Algorithm for chromatic consistency during luminance re-mapping.
I'm the reporter of https://gitlab.gnome.org/GNOME/gegl/-/issues/171 that ended up in a native blending-based saturation approach. And I also published some code that lead Gimp to implement the Luminance Blend mode https://bugzilla.gnome.org/show_bug.cgi?id=753163.
To make things clear: I'm not a native programmer - so my code looks ugly :-) - it should only serve as PoC.
I do not really like (HS)Value-based tone-curves, because they considerabely lack accuracy (examples shown below in tech part). Instead I changed over to an luminance-based approach making luminance and color workflow independent:
- edit the image tonality using the CIE Y Luminance representation - aka the b&w image / desaturated image / grayscale image.
- after that, colorize that b&w image colorimetrically correct.

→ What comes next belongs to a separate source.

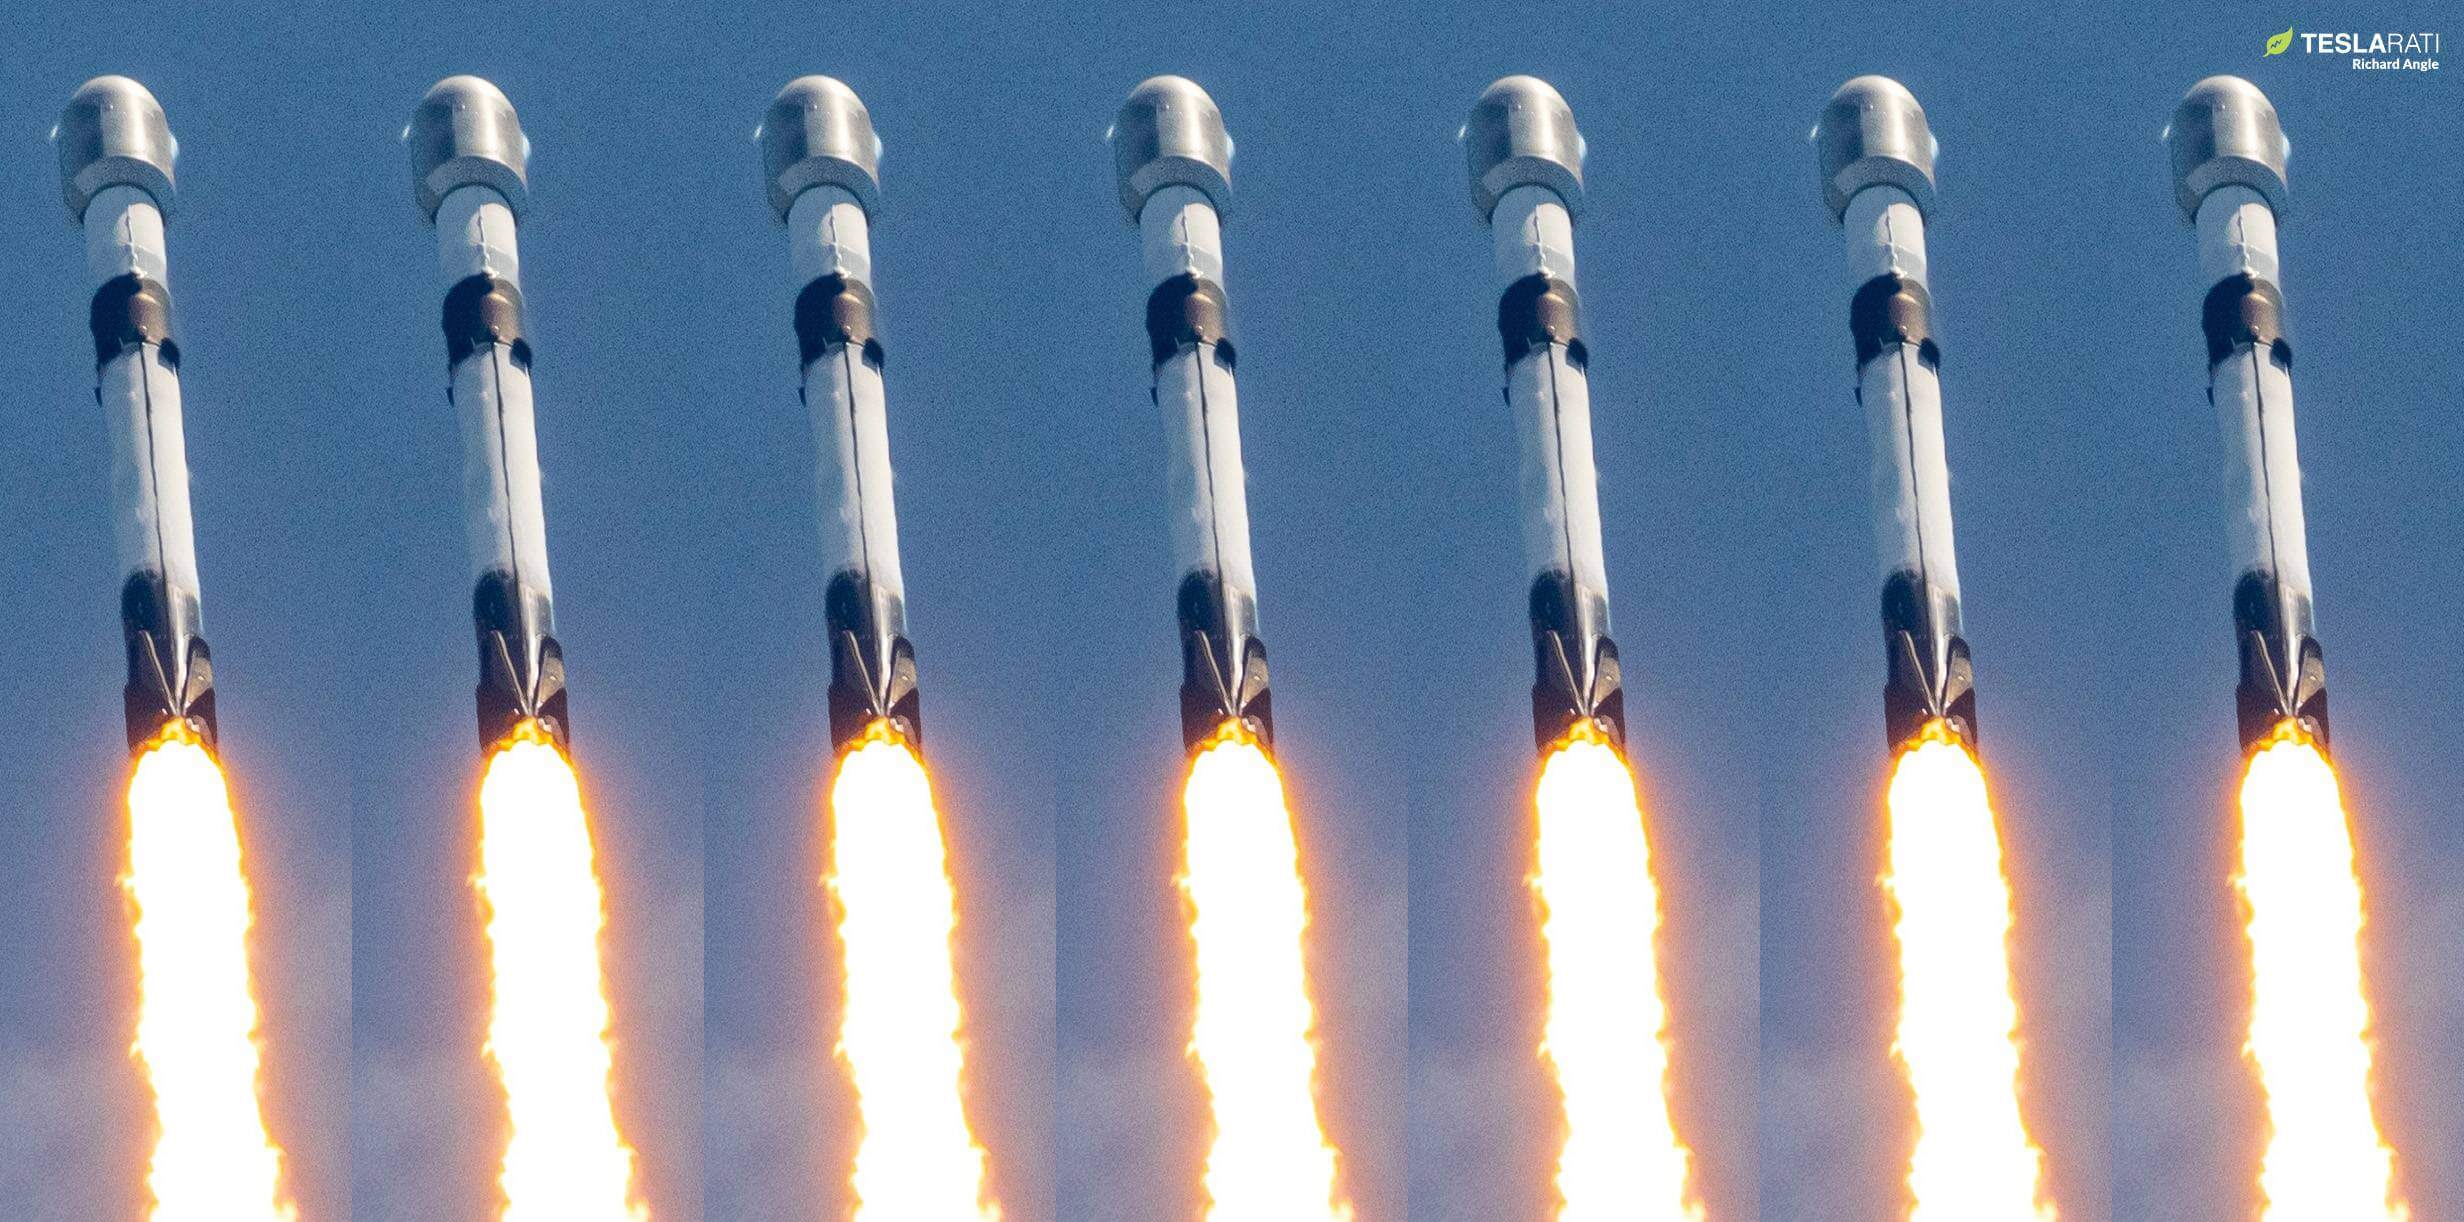 2023 年に SpaceX を 100 回打ち上げるというイーロン マスクの目標は、驚くほど実行可能に見えます
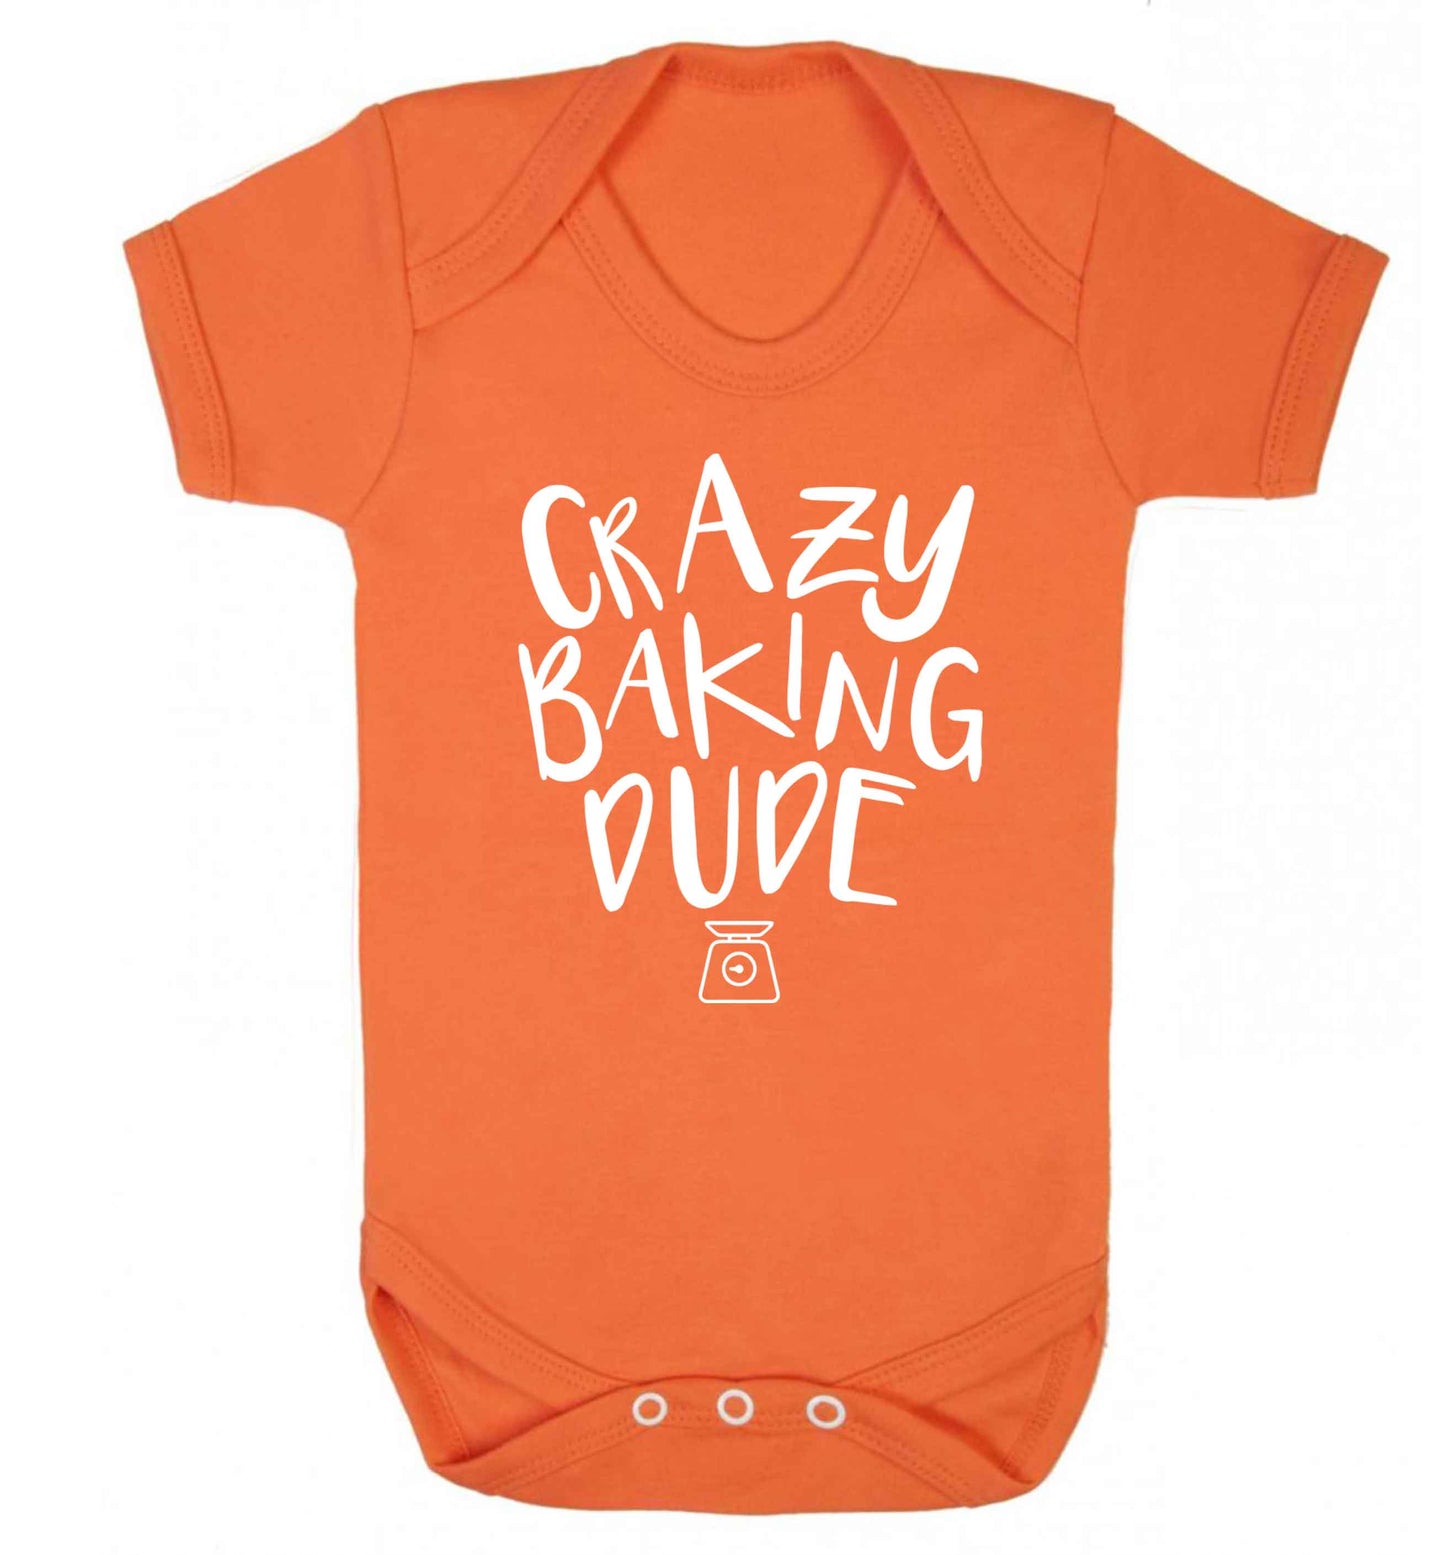 Crazy baking dude Baby Vest orange 18-24 months

So luminance-based tone curves are there to edit tonality separated from the color. This tone-adjustment activity is simply monochromatic. No need for RGB-channels. After (luminance-)tonality fits - there should not be a need to tune colors afterwards.
But unfortunately I haven't found an available solution. A lot of pictures look very desaturated when increasing image contrast on Y channel. All receipes do not really help in a full extent: They adopt lightness/luminance and -contrast but to not map color correct from a color-intensity perspective.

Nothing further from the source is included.